# INFORMATION SUPPLIED:
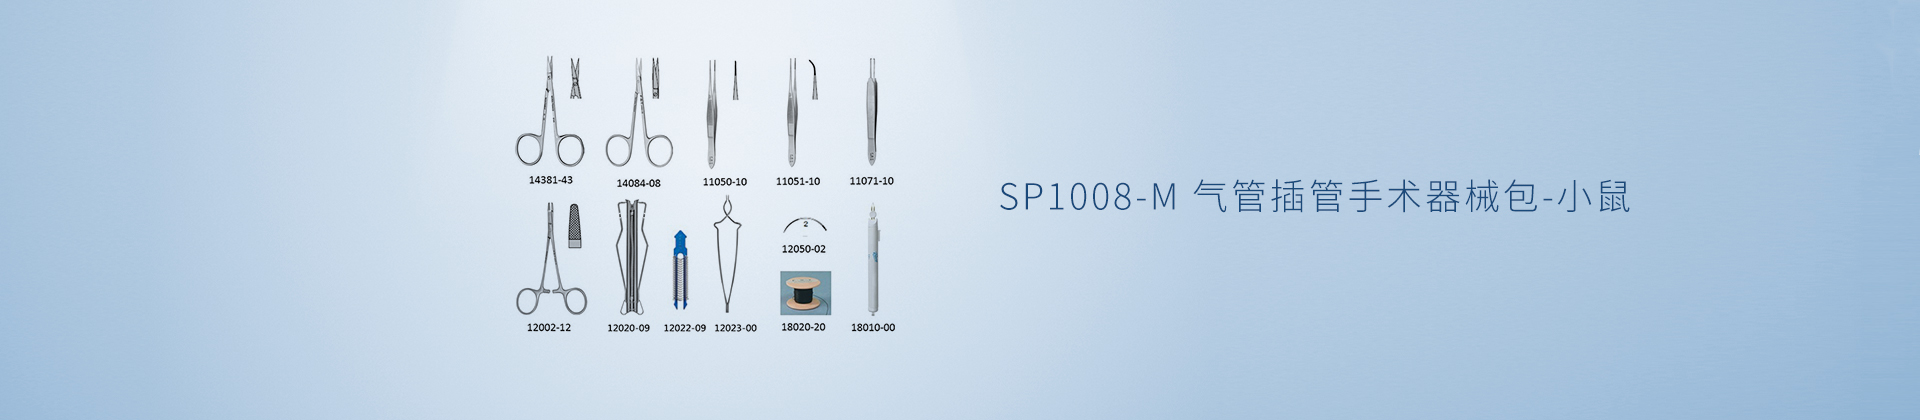 SP1008-M 气管插管手术器械包-小鼠
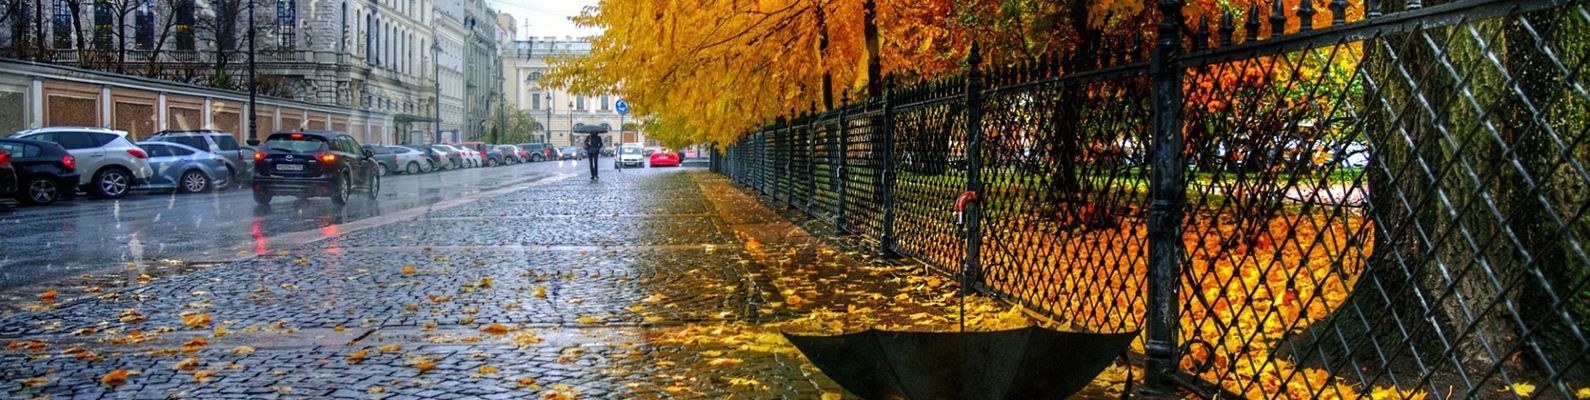 Екатерининский парк, дождь, осень, зонт, Санкт Петербург, листья, забор
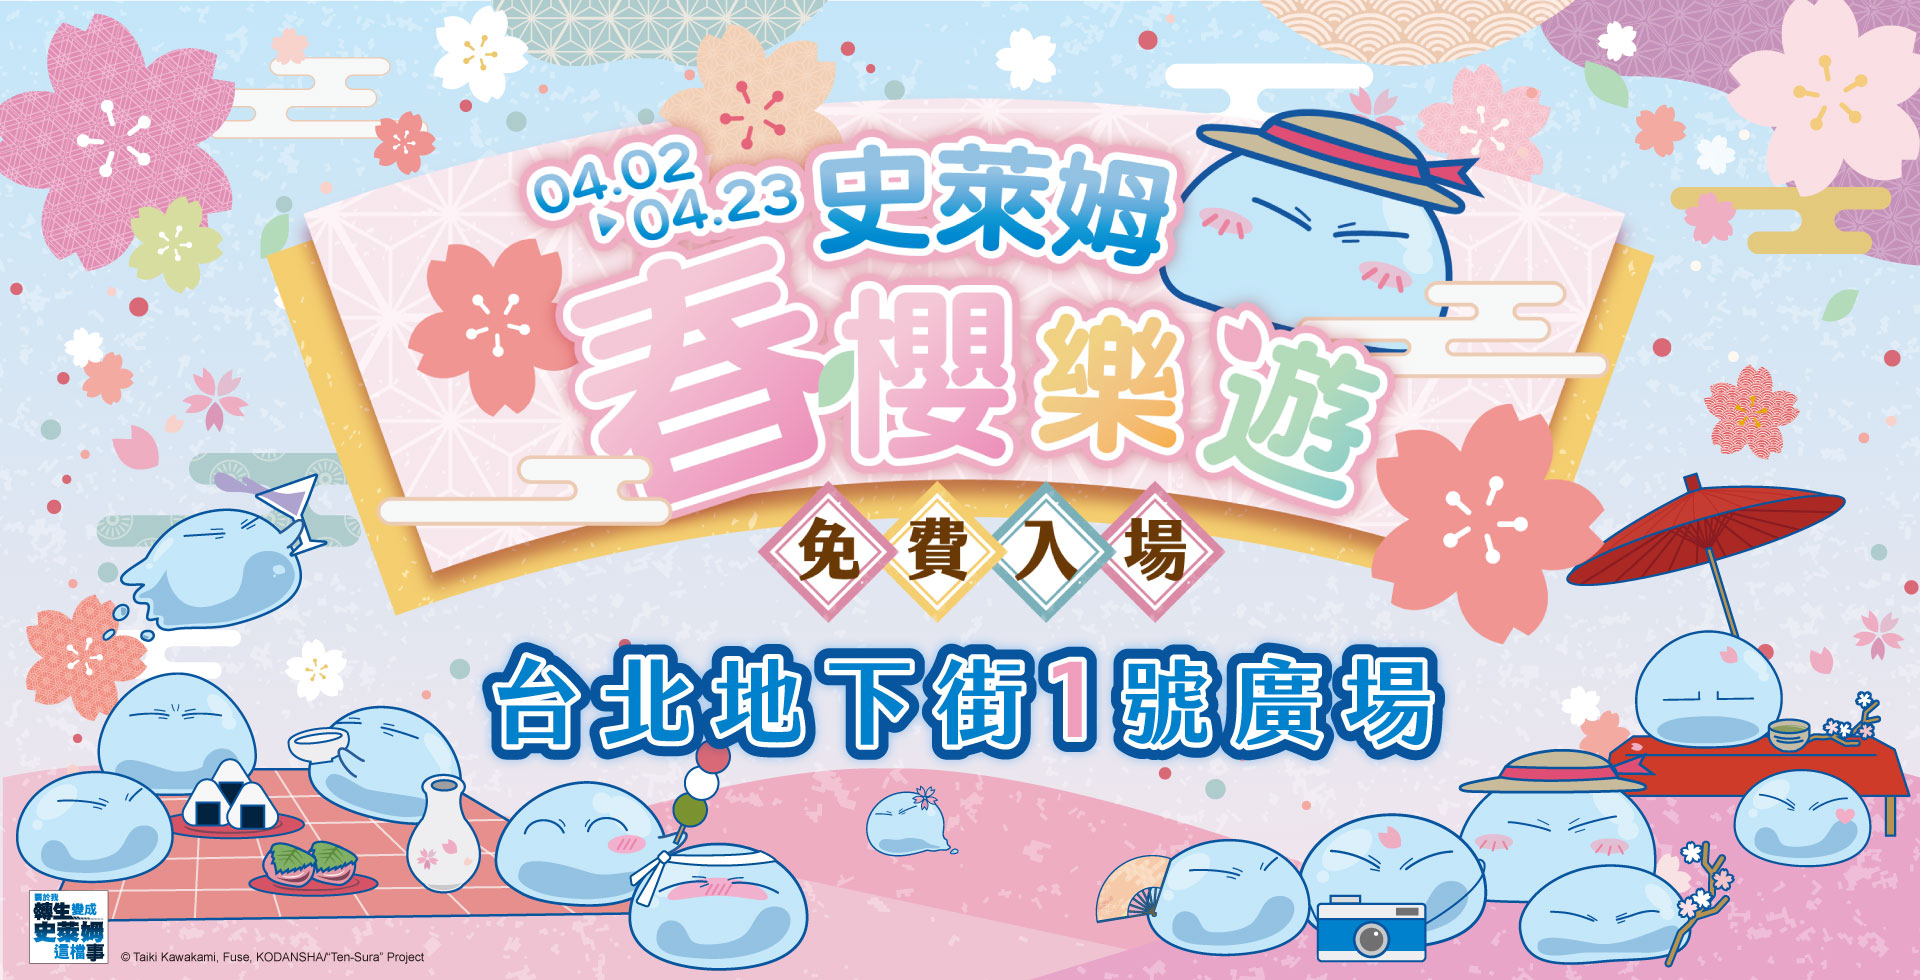 01 「史萊姆春櫻樂遊」快閃店將於4月2日台北地下街正式開幕！

# BRIEF:
Would you please set down the listing above exactly, minus its images?

# OUTPUT BELOW:
 SP1008-M 气管插管手术器械包-小鼠
 Екатерининский парк, дождь, осень, зонт, Санкт Петербург, листья, забор
 01 「史萊姆春櫻樂遊」快閃店將於4月2日台北地下街正式開幕！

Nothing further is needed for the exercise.